Effect of section geometry on development of shrinkage-induced deformations in box girder bridges

Non-uniform shrinkage strains can lead to significant additional deflections in large box girder bridges, leading to serviceability problems. This article examines experimentally and analytically the effect of different cross-section geometries on the shrinkage camber of bridge box girders. Small-scale beams were tested to determine the development of shrinkage strains across the beams of depth. Parameters investigated include cross section thickness, drying conditions, and type of concrete mix. Based on the experimental results, inverse analysis is utilised to obtain a surface factor and a hydro-shrinkage coefficient.
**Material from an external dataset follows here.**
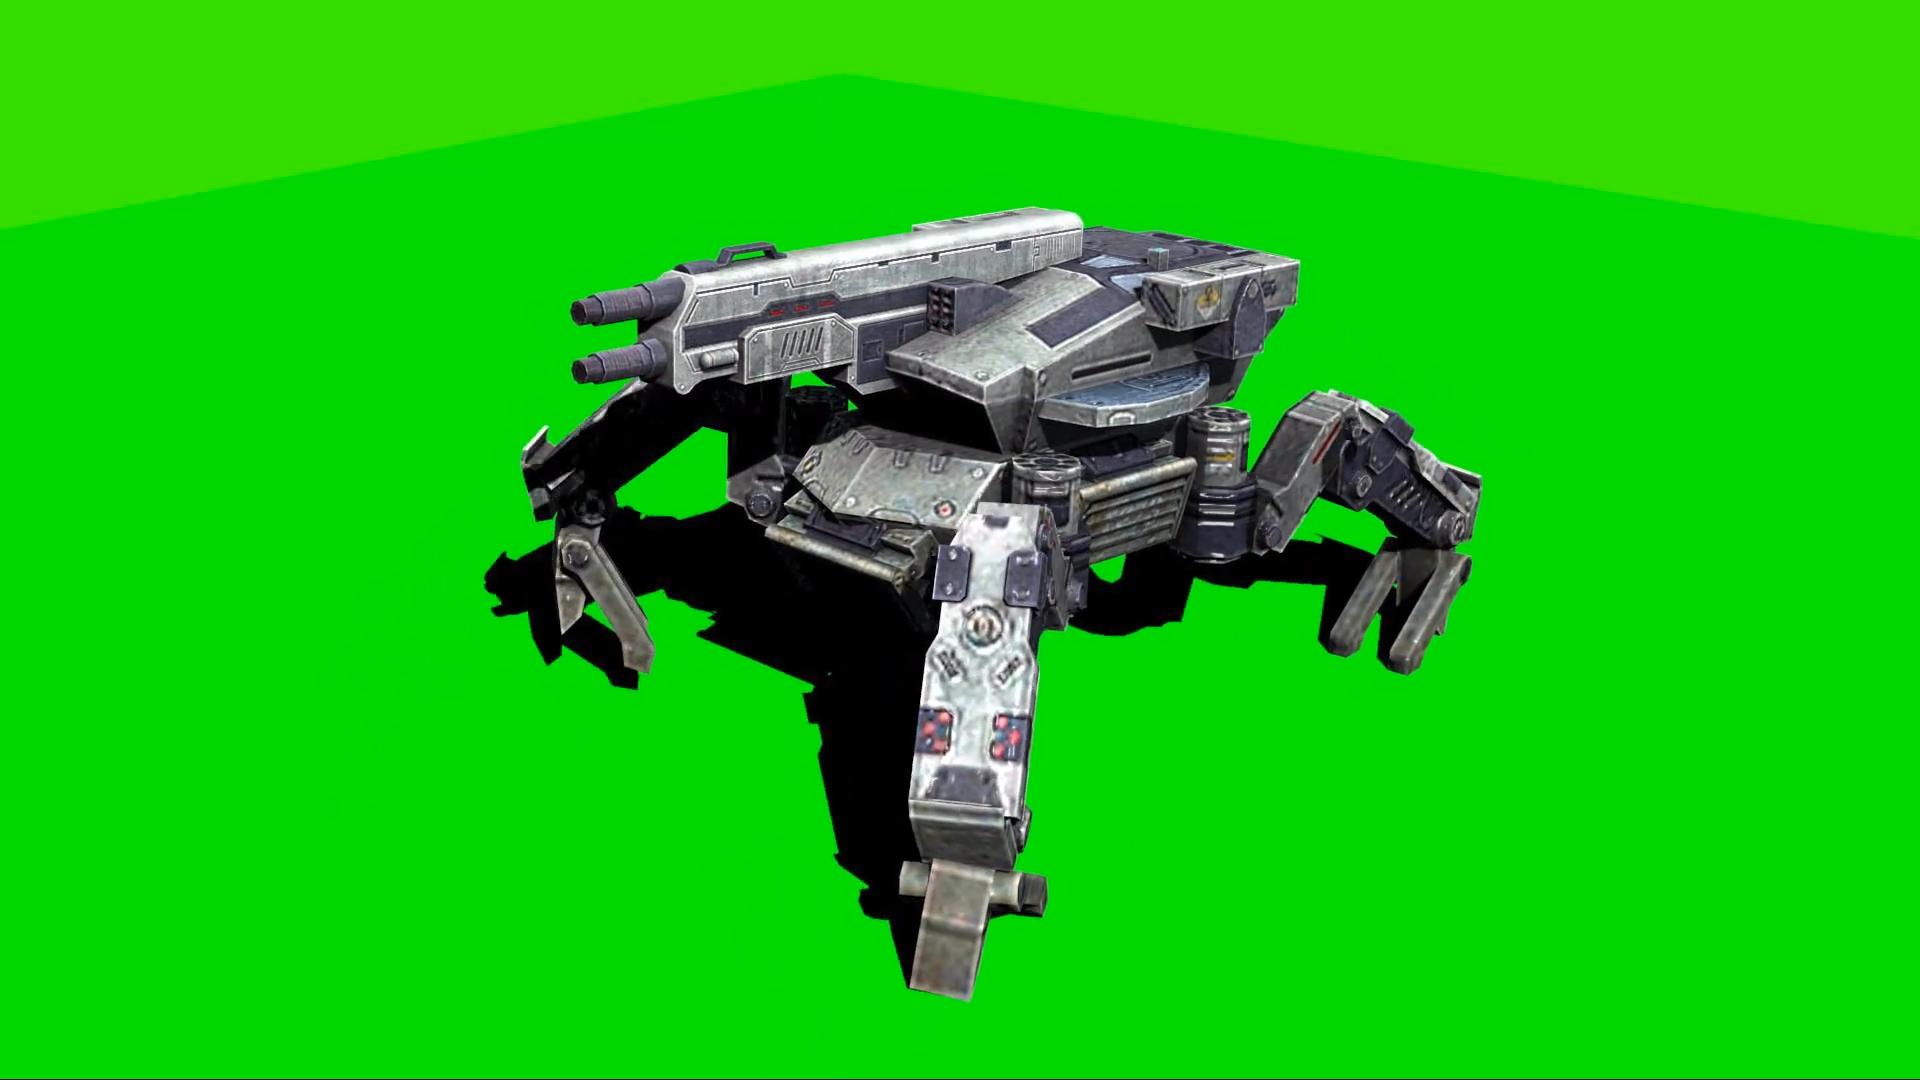 绿幕抠像-机械坦克行走和射击绿屏3D动画

In this study, such vales are used to determine, for the first time, shrinkage-induced bending deformations of long-span bridges using a hydro-mechanical approach. The results are then used to examine numerically the effect of different section geometries on the development of shrinkage camber. It is shown that the analytical predictions match the experimental results with an accuracy of 85%. A further parametric study is carried out to investigate the effects of specimen geometry and ambient relative humidity. The hydro-mechanical approach is further validated using shrinkage field data from the 230 m two-span box girder Yiju River Bridge (China). The approach proposed in this study is expected to contribute towards improving the predictions of the long term behaviour of box girder bridges and towards better bridge management.